The hidden elements of the loan value include: overstatement of prices of goods, compulsory insurance, forced deposits, overstatement of collection commissions and others.
The contractual elements of the loan value include: the interest period, i.e. part of the loan term during which the rate is fixed at the constant level; interest rates and bank commissions (nominal and real) and others.
Interest rates on an international loan are based on interest rates of leading creditor countries. However, due to the multifactorial nature of loan interest, a gap arises between national rate levels. The main factors determining the size of the interest rate are:
monetary, financial, economic and political situation of the borrowing country; sources of credit funding; international agreements on the regulation of the value of loans; type of interest rate (floating or fixed); availability of competitive offers; status, commercial reputation and financial position of the borrower (creditor); nature of project risks; quality of loan security; availability of credit insurance coverage; the moment of conclusion of a loan agreement in relation to a commercial contract; loan term; amount of contract; credit currency; inflation; the state of international and national capital markets.
To compare the conditions of various loans, the “gran-element” indicator is used, which shows how much payments to repay the loan the borrower saves as a result of attracting a loan on more favorable terms than market ones.
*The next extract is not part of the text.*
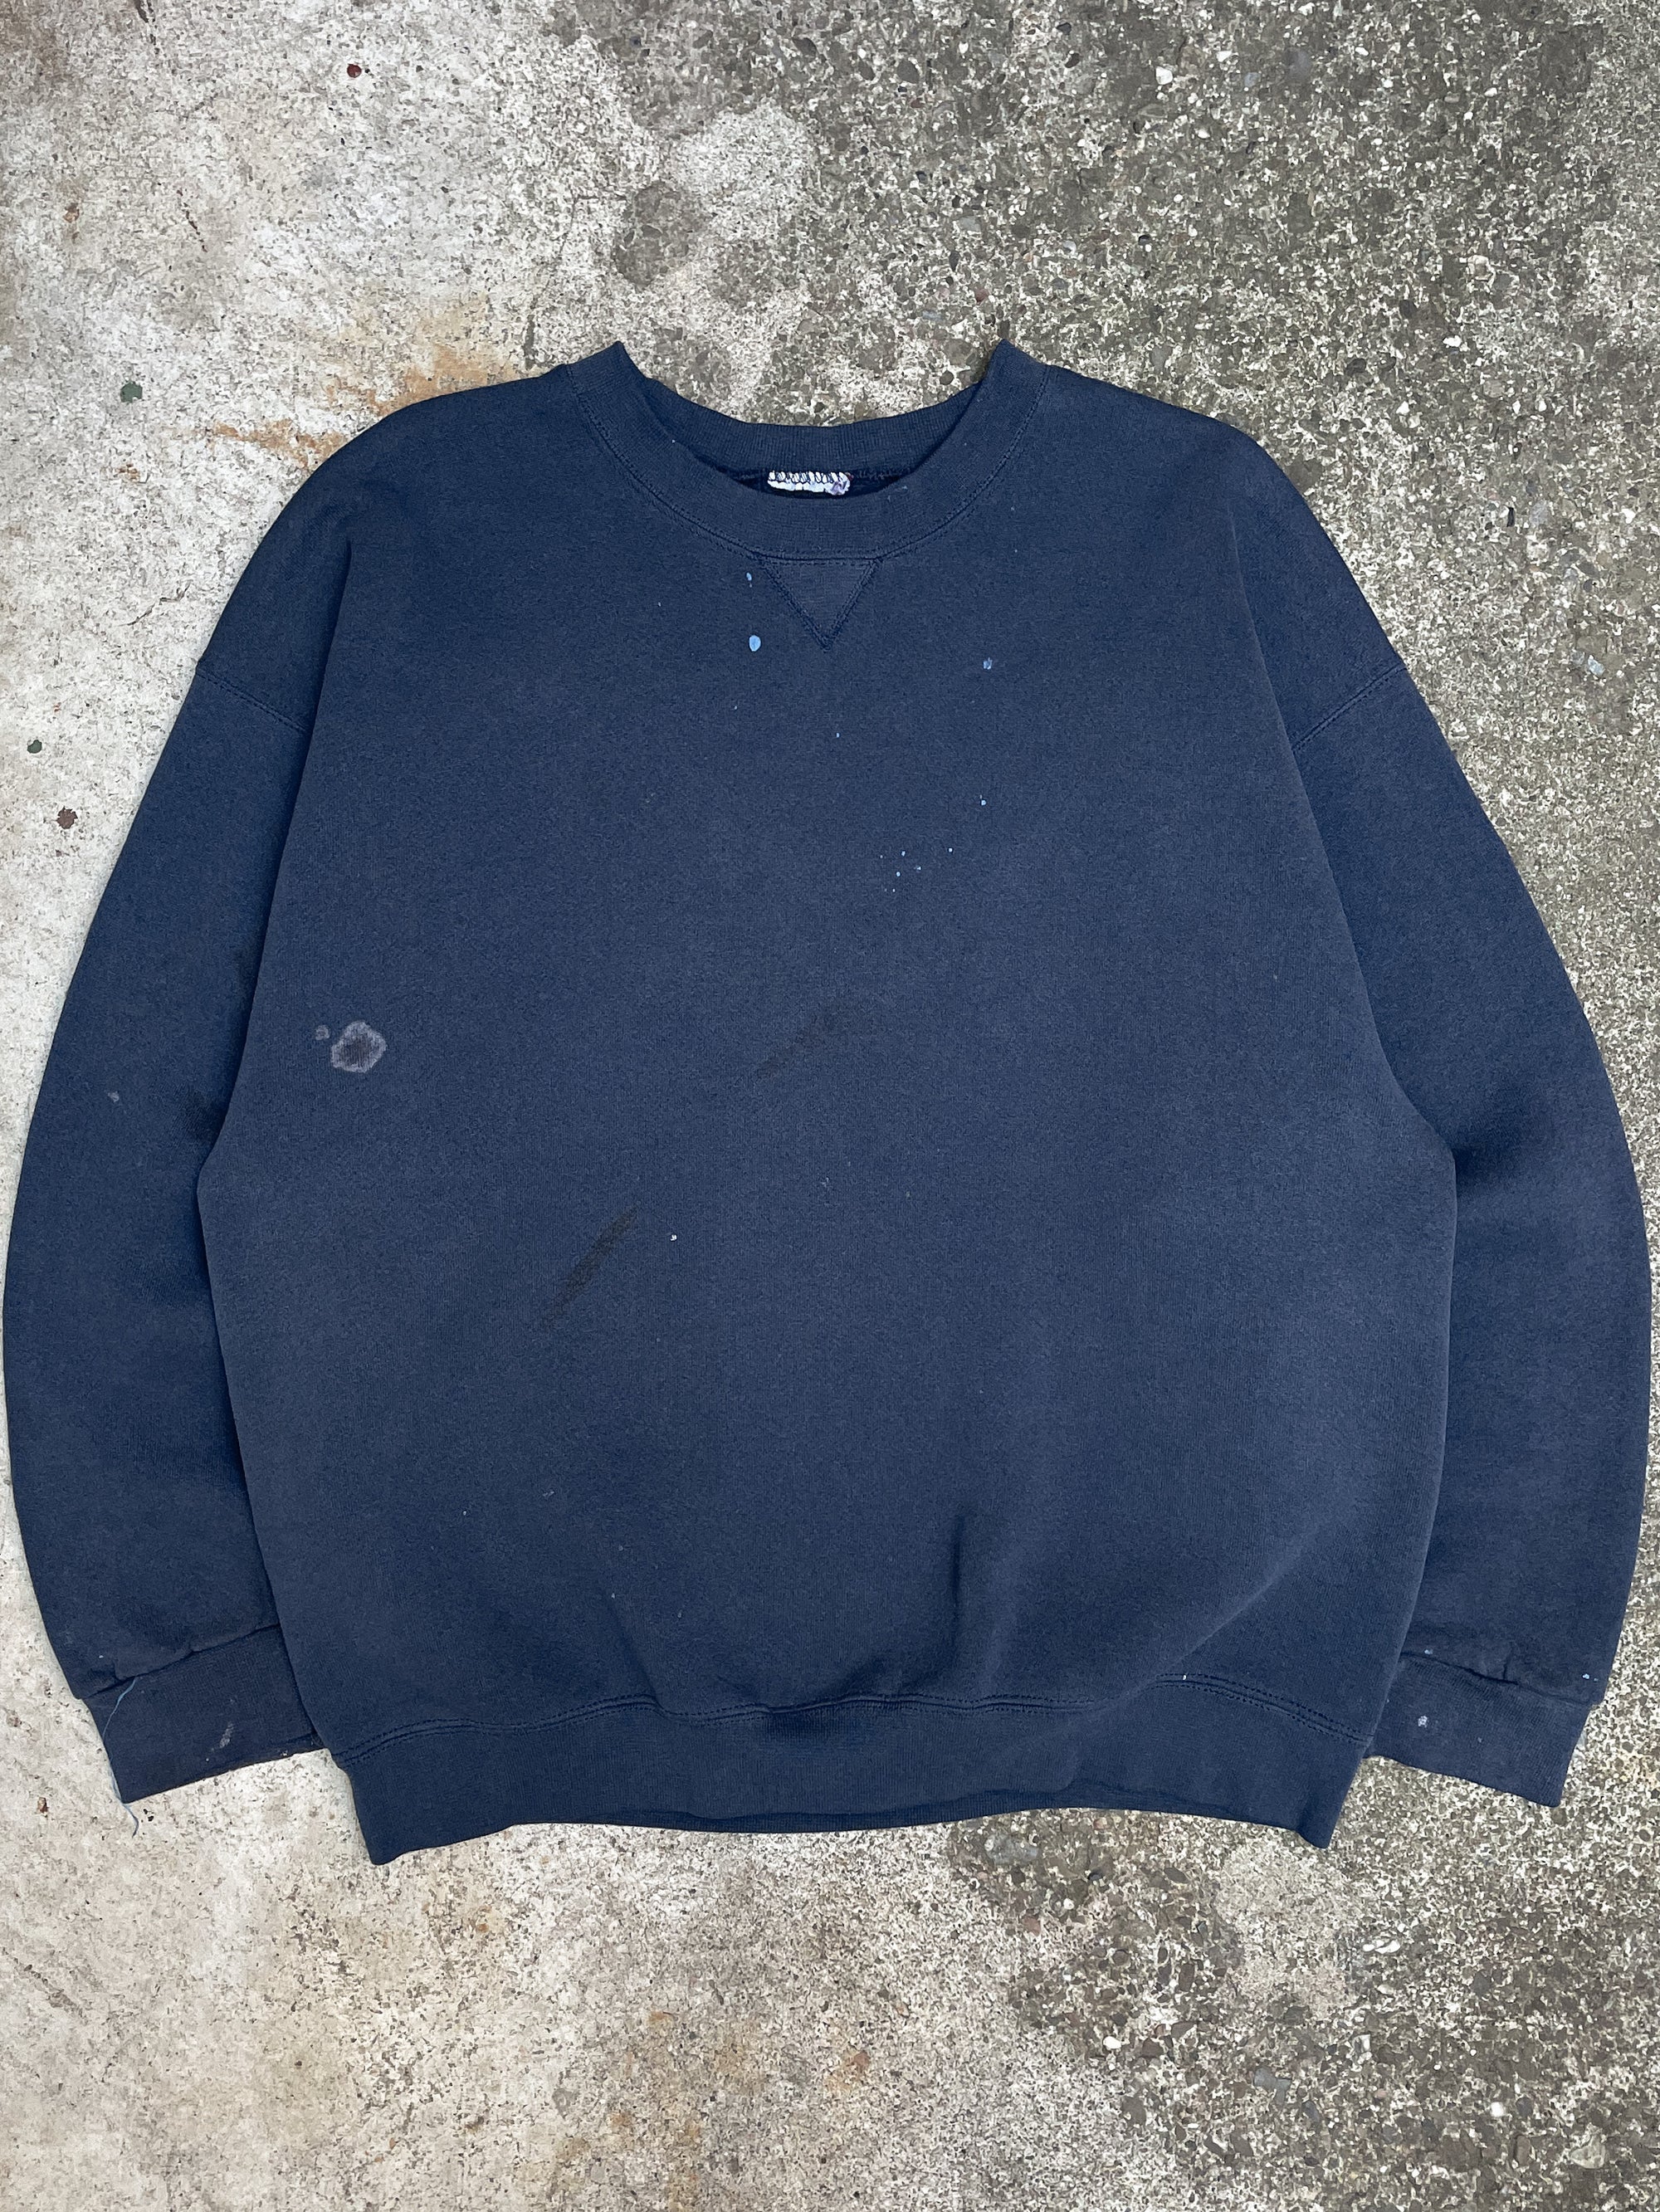 1990s Painted Faded Navy Blank Sweatshirt (M/L)

One of the most important conditions of an international loan is protection against various types of risk associated with credit operations. There is a credit risk – the risk of non-payment by the borrower of the main debt and interest on the loan; transfer risk – the risk of the impossibility of transferring funds to the creditor’s country due to currency restrictions in the borrower’s country; currency risk – risk, arising from a change in the exchange rate of the loan. The main factors determining the risk in international trade and economic credit relations are external debt, public debt, borrowed reserves, the period covered by insurance, political events, inflation, GDP growth rates, the structure of foreign trade, state of trade and balance of payments, subjective factors.
The main methods of protection against risks associated with credit relations are: government guarantees, guarantees of first-class banks, urgent currency transactions, early repayment of loans, multicurrency reservations and others.
Thus, the state of the economy, national and world markets for loan capital largely determine the monetary and financial conditions of an international loan.